EX-5 2 exhibit5-1.htm

Exhibit 5.1

[Letterhead of Protective Life Corporation]

December 22, 2005

Protective Life Insurance Company
2801 Highway 280 South
Birmingham, AL 35223

Re:

Protective Life Insurance Company
$5,135,000.00 Callable InterNotes®

Ladies and Gentlemen:

          I am Senior Associate Counsel with Protective Life Corporation, serving as in-house counsel to Protective Life Insurance Company, a Tennessee stock life insurance company ("Protective Life"). It is my understanding that the following have been prepared and filed with the Securities and Exchange Commission (the "Commission") under the Securities Act of 1933, as amended (the "Act"), by Protective Life:

 

 (i)

a Registration Statement on Form S-3 (File No. 333-126757), as amended by Amendment No. 1 filed with the Commission on August 17, 2005 (the "Registration Statement");

 

 (ii)

a prospectus, dated August 22, 2005, relating to secured notes;

 

(iii)

a prospectus supplement, dated August 22, 2005 (the "Prospectus Supplement"), as filed with the Commission pursuant to Rule 424(b)(3) of the Act and relating to secured notes referred to as InterNotes® ("InterNotes®");

 

(iv)

a pricing supplement, dated December 19, 2005 (the "Pricing Supplement"), as filed with the Commission pursuant to Rule 424(b)(2) of the Act and relating to the issuance and sale of its secured notes referred to as InterNotes® in the aggregate principal amount of $5,135,000.00 (the "Notes") by Protective Life Secured Trust 2005-24 (the "Trust"), pursuant to the Indenture, dated as of December 22, 2005 (the "Indenture"), entered into between the Trust and The Bank of New York, as indenture trustee.
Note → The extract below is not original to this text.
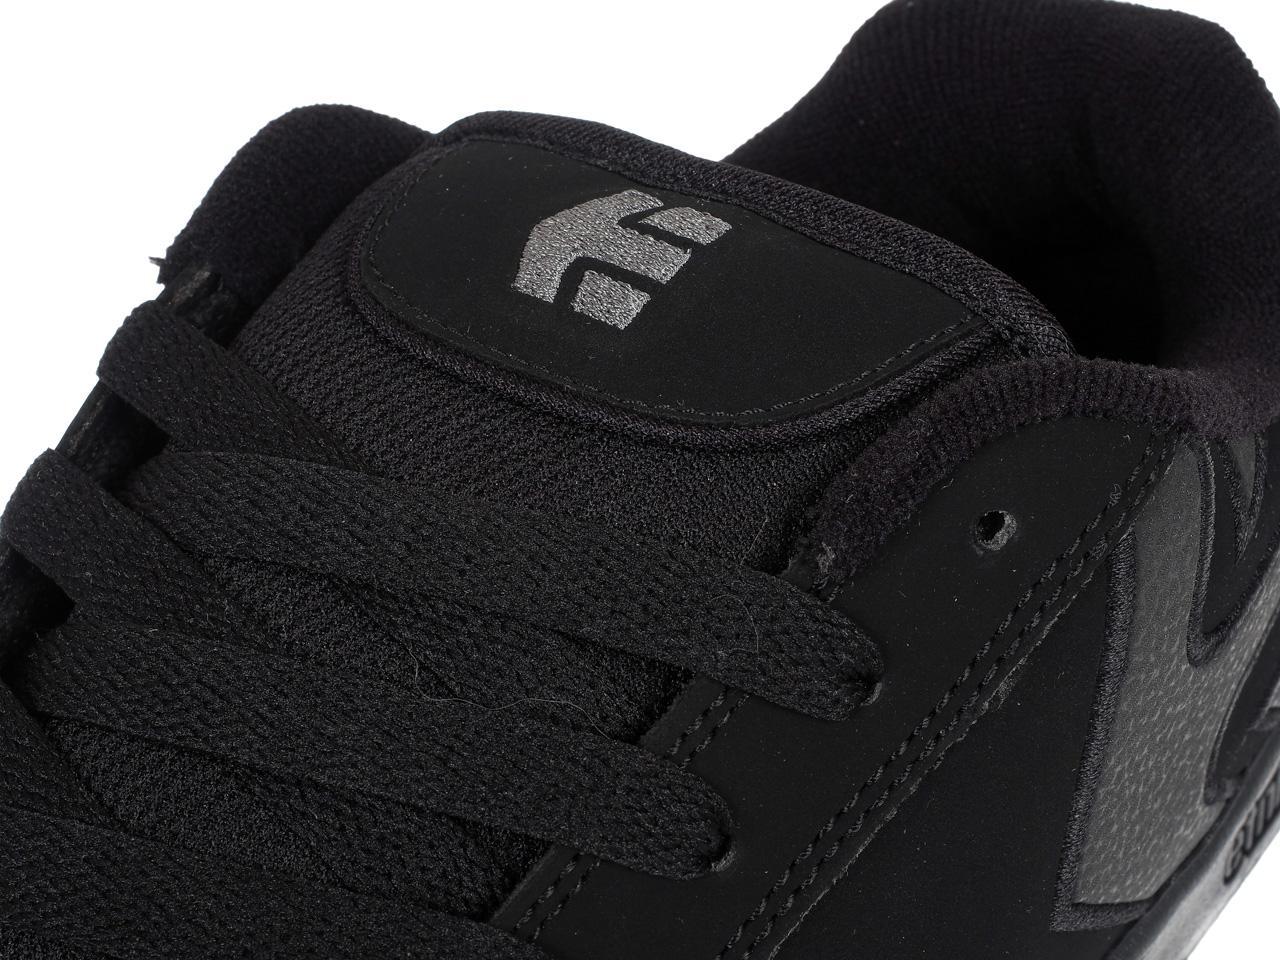 Shoes-Skateboard-Etnies-Fader-Black-Dirty-Wash-Black-42823-New thumbnail 2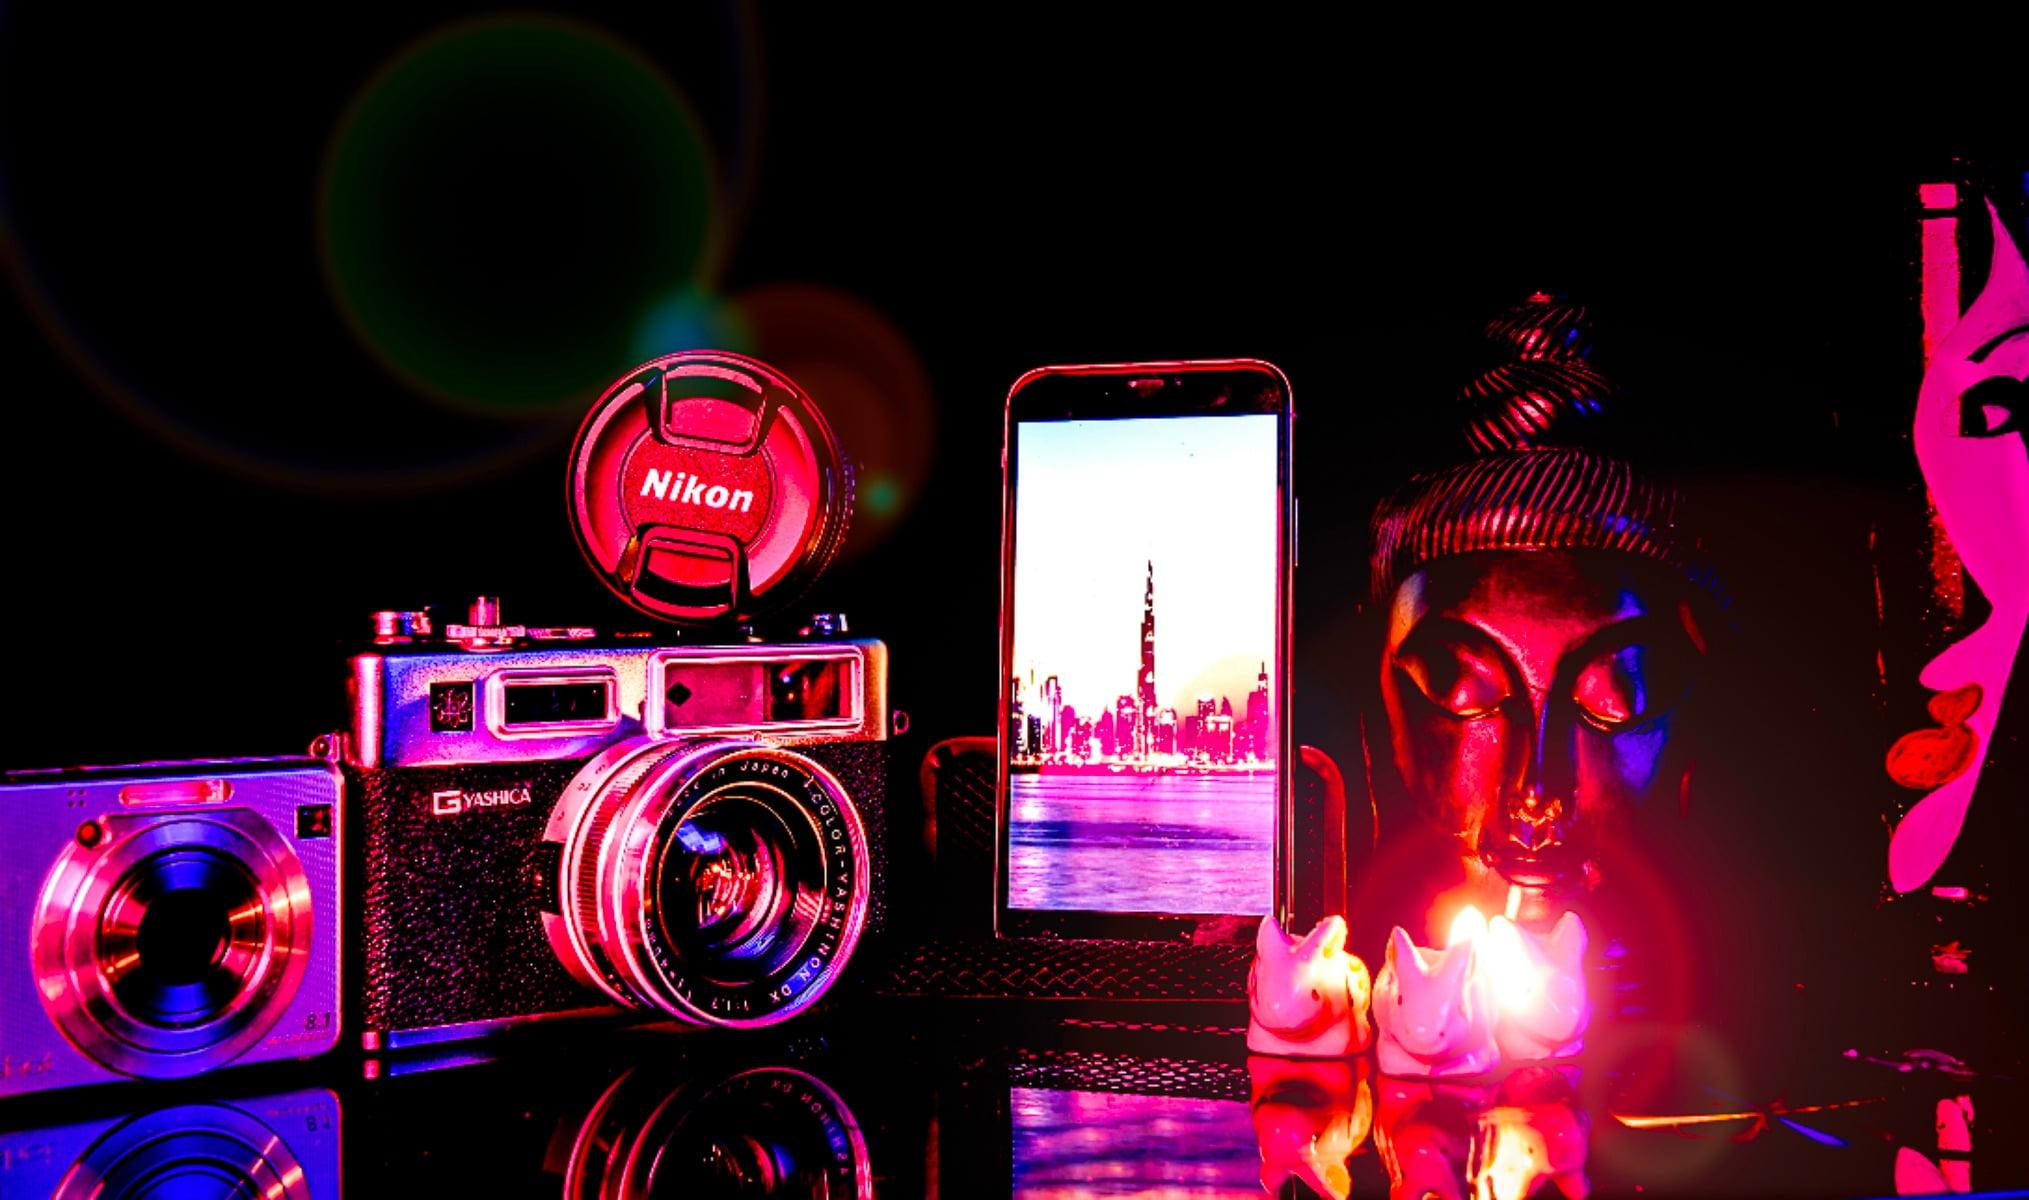 Cameras  optics, Communication Device, Mobile phone, Colorfulness, Electronics, Magenta, Technology, Red

          In connection with the delivery of this opinion, I and/or other attorneys in the legal department of Protective Life Corporation have examined and relied upon the originals, or copies certified or otherwise identified to my satisfaction, of such corporate records, documents, certificates and other instruments as in my judgment are necessary or appropriate to enable me to render the opinions expressed below. In all such examinations, I have assumed, without independent investigation or inquiry, the legal capacity of all natural persons executing documents, the genuineness of all signatures on original or certified copies, the authenticity of all original or certified copies and the conformity to original or certified documents of all copies submitted to me as conformed or reproduction copies. I have relied as to factual matters upon, and have assumed the accuracy of, representations, statements and certificates of or from public officials and of or from officers and representatives of all persons whom I have deemed appropriate.

          Based on the foregoing, and subject to the further qualifications set forth below, I am of the opinion that:

 

1.

The Notes are valid and binding obligations of the Trust, enforceable against the Trust in accordance with their terms.

          The foregoing opinion is limited by and subject to the effects of (i) bankruptcy, insolvency, fraudulent conveyance, fraudulent transfer, reorganization or moratorium laws or other similar laws relating to or affecting enforcement of creditors' rights or remedies generally; and (ii) general principles of equity (whether such principles are considered in a proceeding at law or equity), including the discretion of the court before which any proceeding may be brought, concepts of good faith, reasonableness and fair dealing, and standards of materiality.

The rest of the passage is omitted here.